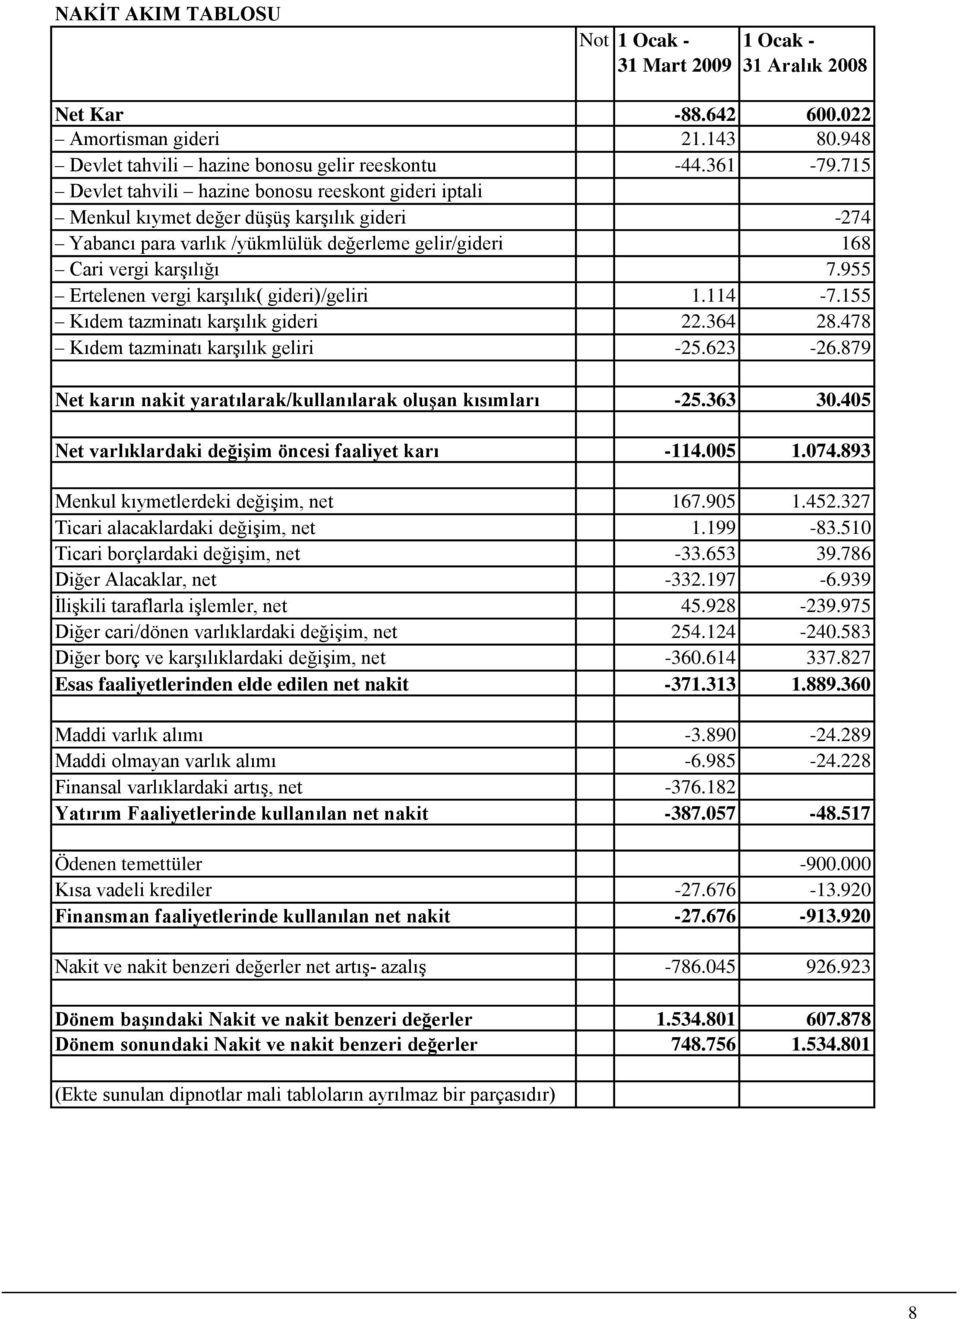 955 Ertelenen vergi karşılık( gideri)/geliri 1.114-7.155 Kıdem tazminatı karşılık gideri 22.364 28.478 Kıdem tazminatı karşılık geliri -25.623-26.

======

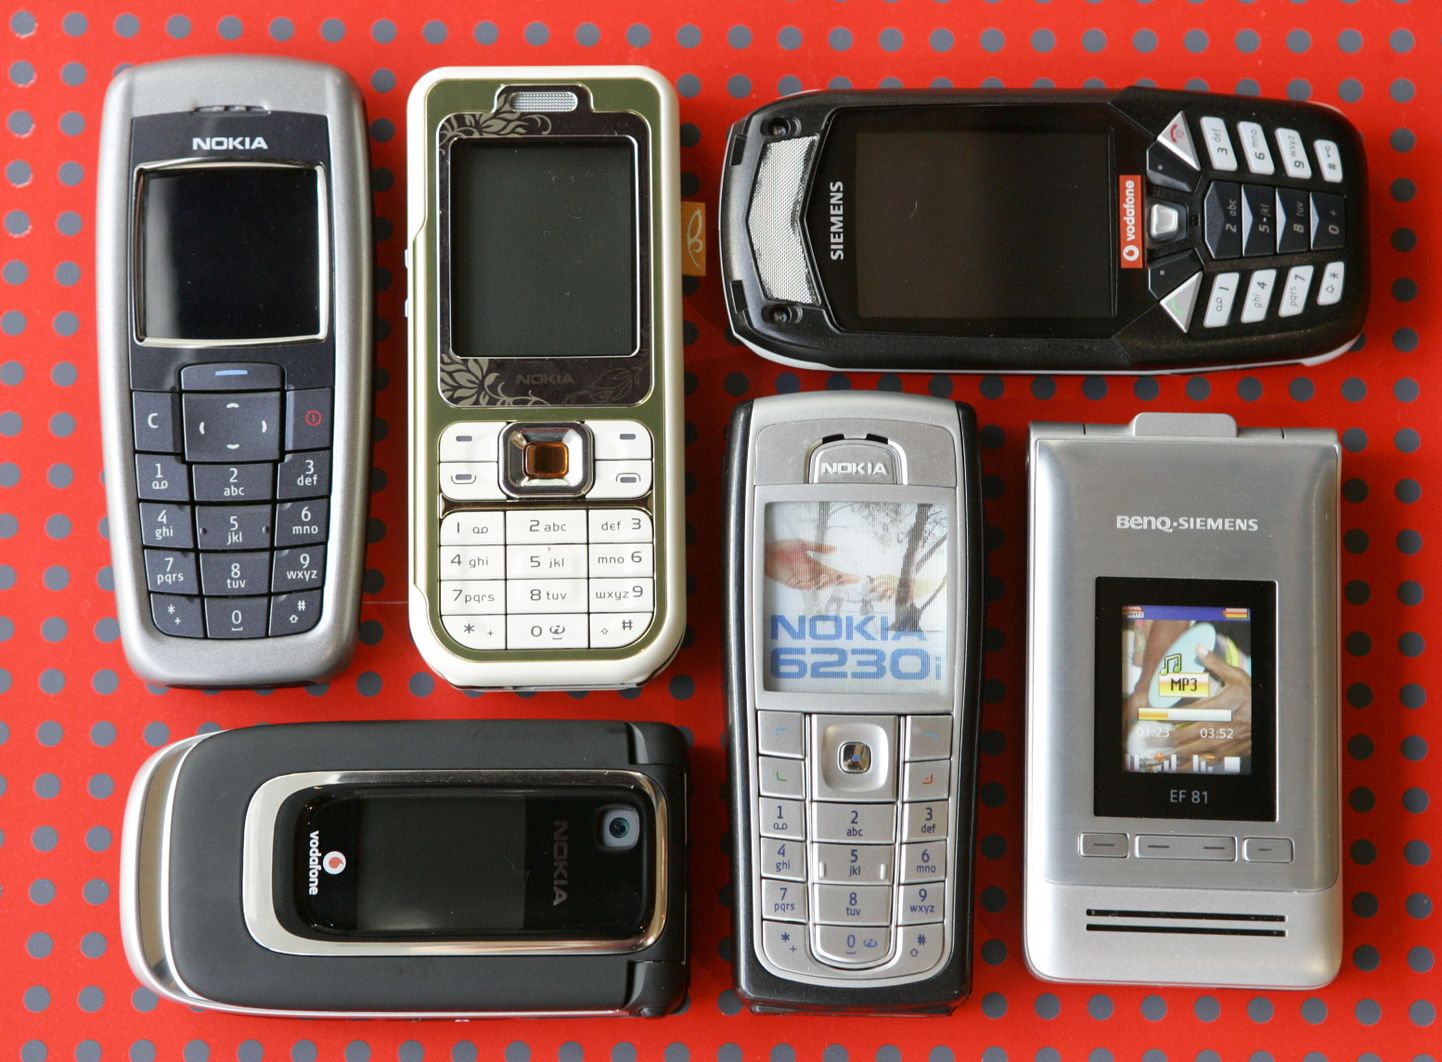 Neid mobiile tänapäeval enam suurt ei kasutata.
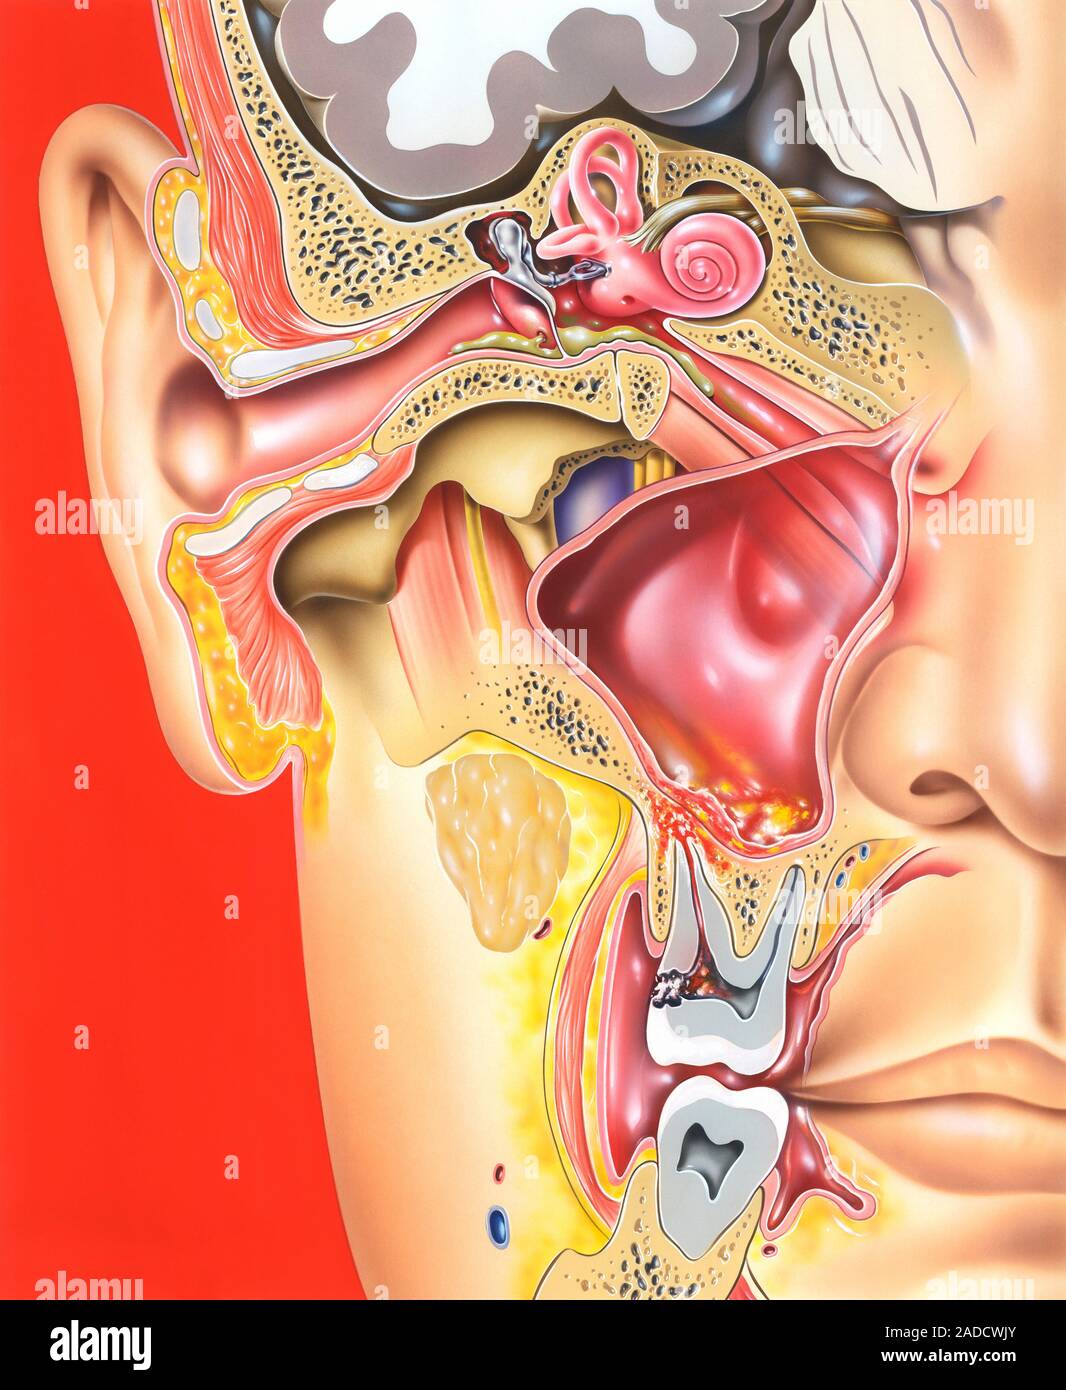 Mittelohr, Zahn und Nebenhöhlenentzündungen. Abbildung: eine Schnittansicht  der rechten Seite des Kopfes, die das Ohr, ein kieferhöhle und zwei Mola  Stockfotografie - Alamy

======

WHAT YOU HAVE TO DO: Copy only this from above: the line containing "Neid mobiile tänapäeval", the line containing "Mittelohr, Zahn und", and all lines between, printed exactly. Leave out the pictures.

FINISHED EXERCISE:
 Neid mobiile tänapäeval enam suurt ei kasutata.
 Mittelohr, Zahn und Nebenhöhlenentzündungen. Abbildung: eine Schnittansicht  der rechten Seite des Kopfes, die das Ohr, ein kieferhöhle und zwei Mola  Stockfotografie - Alamy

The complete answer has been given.